If nginx -t complains about an unknown listen parameter (device= or ipng_source_tag=), the module isn't loaded — check step 1.

Why wildcard listens?

You do not need to enumerate VIPs in listen. A wildcard listen 80 device=gre-mg1 ipng_source_tag=mg1; accepts any local address served through the gre-mg1 interface, and nginx routes per-request to the right vhost by server_name / Host: header. Adding a new VIP is a server_name change; adding a new interface is an append to listens.conf.

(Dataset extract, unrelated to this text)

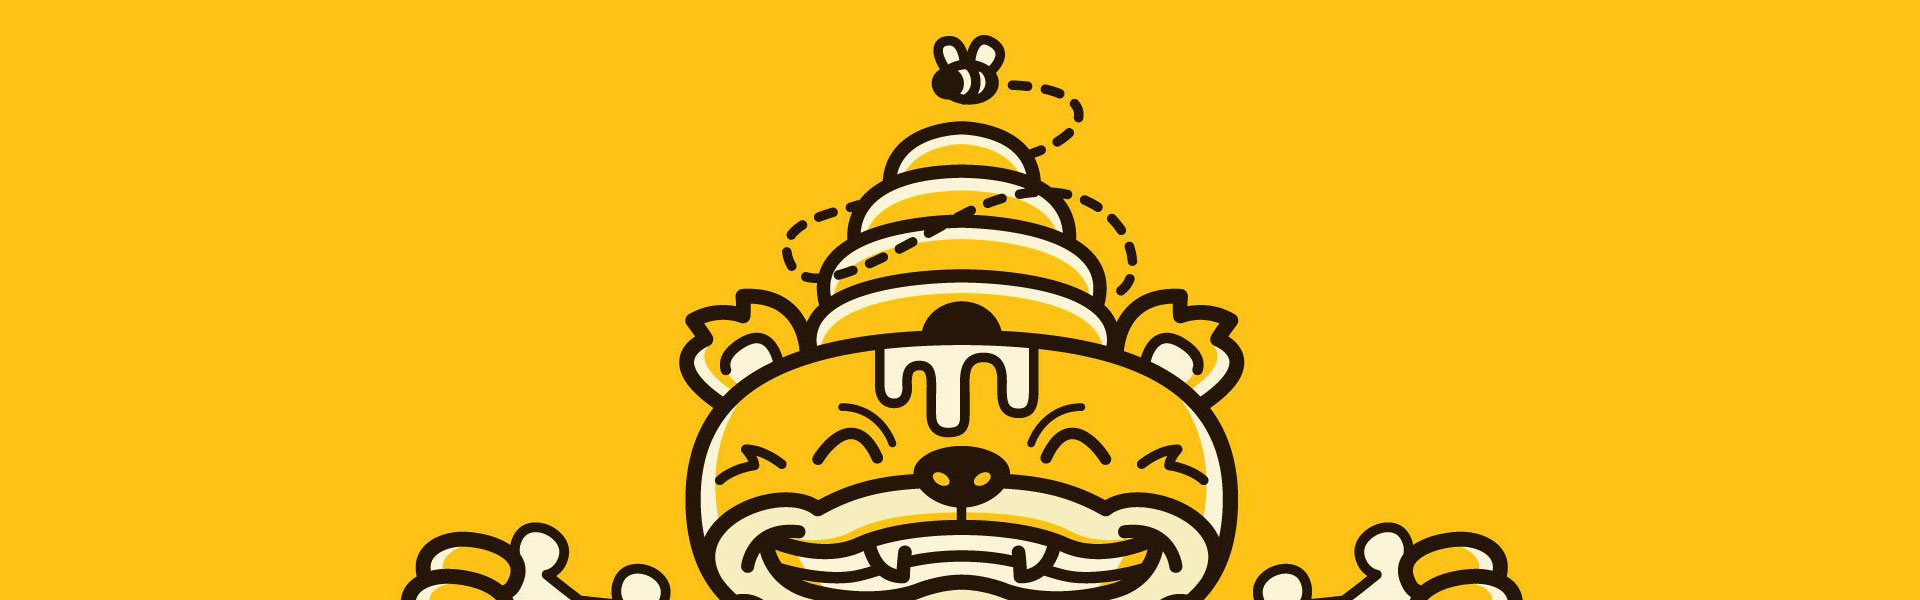 Wonderopolis Camp What-a-Wonder - Bear with beehive on his head

All listens on a shared port must be device-tagged

If you use multiple listen directives on the same port (e.g. port 80), every one of them must carry device=<ifname>. Mixing a device-pinned listen with a plain listen 80; or with an address-specific listen 192.0.2.1:80; on the same port is not supported and nginx will fail to start. This is a kernel-level limitation: a device-pinned socket sets SO_BINDTODEVICE before bind(2), while a plain wildcard socket sets no device filter — Linux refuses to hold both on the same (addr, port) tuple, so the second bind fails with EADDRINUSE regardless of what the nginx config-level dedup might do.

For "direct" traffic — clients hitting the host on a non-attributed interface — use a separate port on the direct interface (e.g. listen 198.51.100.1:8081;). That listen then has no device=, so it falls back to the tag set by ipng_stats_default_source (direct by default).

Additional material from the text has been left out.